Nicolás lanzó interiormente un suspiro de alivio. Al representar aquella desenvoltura algo cínica, había corrido el peligro de perderlo todo. Y lo había ganado todo: una audiencia con el Papa. Se sintió agradecido cuando su maestro Novara intervino en aquel momento con la intención evidente de cambiar el rumbo de la conversación, en tono jovial:

– Me parece que vuestra eminencia se muestra injusto al sugerir que el señor Copérnico pone en el mismo saco a Mahoma, Averroes y Avicena. Sin los dos últimos, no habría tenido lugar la resurrección de las bellas artes y las bellas letras. Es curioso, a pesar de todo, que esos grandes matemáticos hayan podido desarrollar su obra en países que viven según el año lunar.

– Ya veo adonde quiere ir a parar, querido maestro -respondió el cardenal-. A esa famosa reforma del calendario que se reclama en todos los tonos. Hasta donde yo lo sé, Su Santidad aprovechará el año del jubileo para dar inicio a esa gran obra. Y por lo que me han contado, señor Copérnico, tiene usted más luces en ese terreno que en los asuntos de Estado. Tendremos ocasión de volver a hablar del tema, porque veo que estamos aburriendo a algunos amigos. Por ejemplo, el señor Maquiavelo está llorando de tanto contener sus bostezos.

Volvieron a hablar, y en numerosas ocasiones, en el curso de las reuniones semisecretas de la academia de Linceo, bajo la égida de Pitágoras y de Hermes Trismegisto.

Copérnico hubo de esperar varios meses antes de obtener una audiencia de Su Santidad Alejandro VI. Para eso había sido preciso que se retirara oficialmente a Sculteti su condición de representante del obispado de Ermland, y después que Lucas designara a su sucesor, su propio sobrino, lo que supuso un intercambio de correos secretos que se vieron obligados a viajar dando mil y un rodeos. En cuanto a Sculteti, cuya presencia en Roma ya no estaba justificada, prefirió prudentemente ir a reunirse, en la corte del rey de Francia, con sus antiguos protectores Giovanni y Pietro de Médicis. Antes de hacerlo, prometió a Nicolás dar un rodeo por Bolonia para saber algo de Andreas, de quien no tenían noticias ni su tío ni su hermano menor.

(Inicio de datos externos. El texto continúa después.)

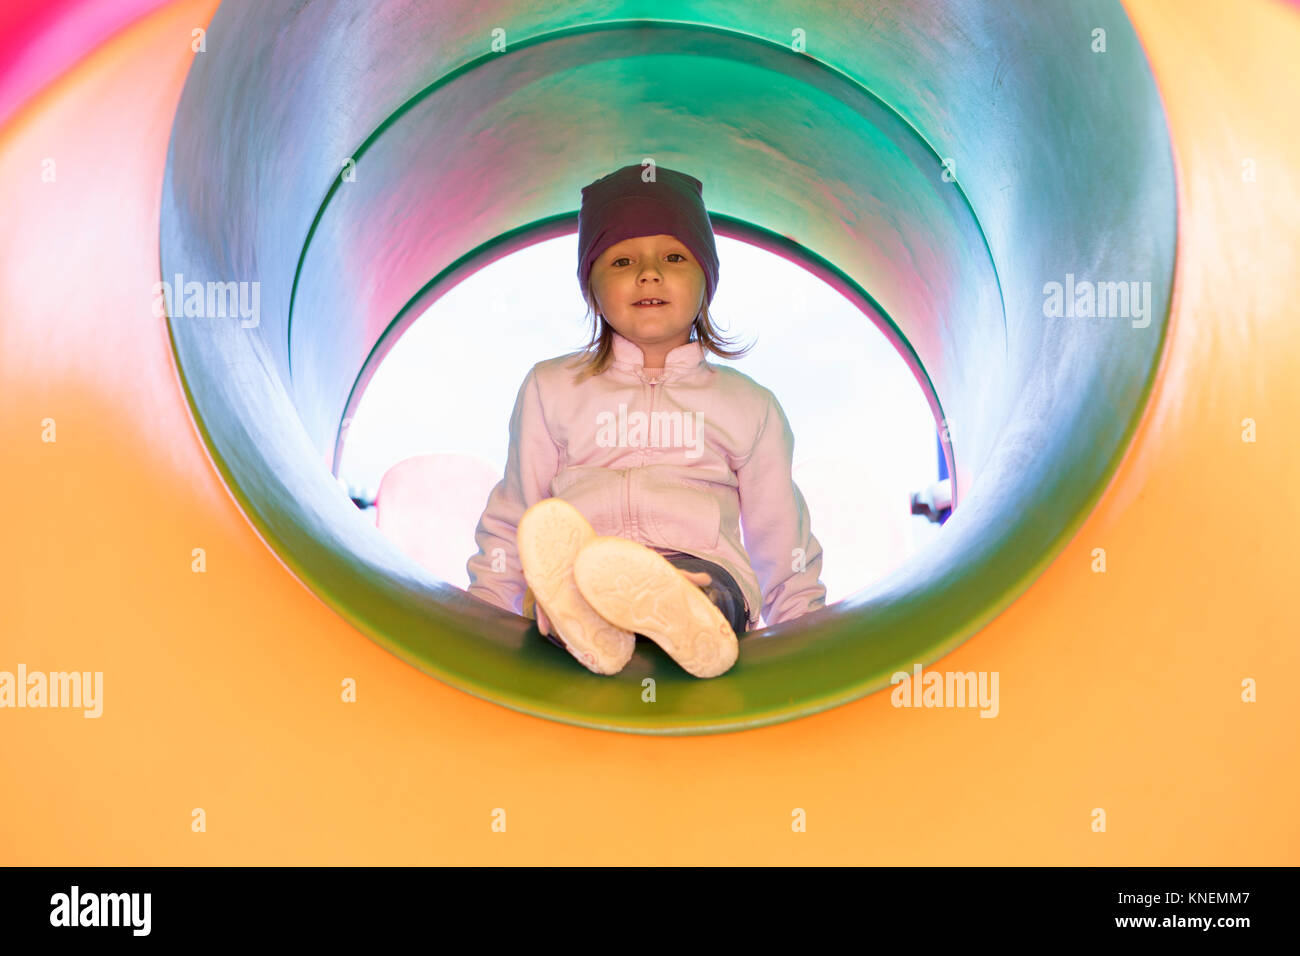 Girl in tube on climbing frame looking at camera smiling Stock Photo

En el fondo, aquella espera de una audiencia convenía a Nicolás. En aquel año jubilar, cuantos personajes importantes poblaban el mundo habían acudido en peregrinación a Roma y parecían haberse dado cita en el palacio del cardenal Farnesio. La academia de Linceo celebraba sesiones diarias. Acudía allí una multitud, lo que parecía excesivo para personas que, a imitación de Pitágoras y de sus discípulos, recomendaban el secreto y reservaban el conocimiento y la verdad únicamente para los iniciados. Pero en aquel año de 1500 reinaba un ambiente de optimismo, y tal vez incluso de alivio, porque todo el mundo se reía un poco demasiado de los sermones del difunto Savonarola, que había profetizado aquella fecha como la del fin de los tiempos, con el rey de Francia en el papel de enviado de Dios. Pero no, el fin de los tiempos había quedado atrás, y todos eran conscientes de estar asistiendo a un renacimiento de la civilización.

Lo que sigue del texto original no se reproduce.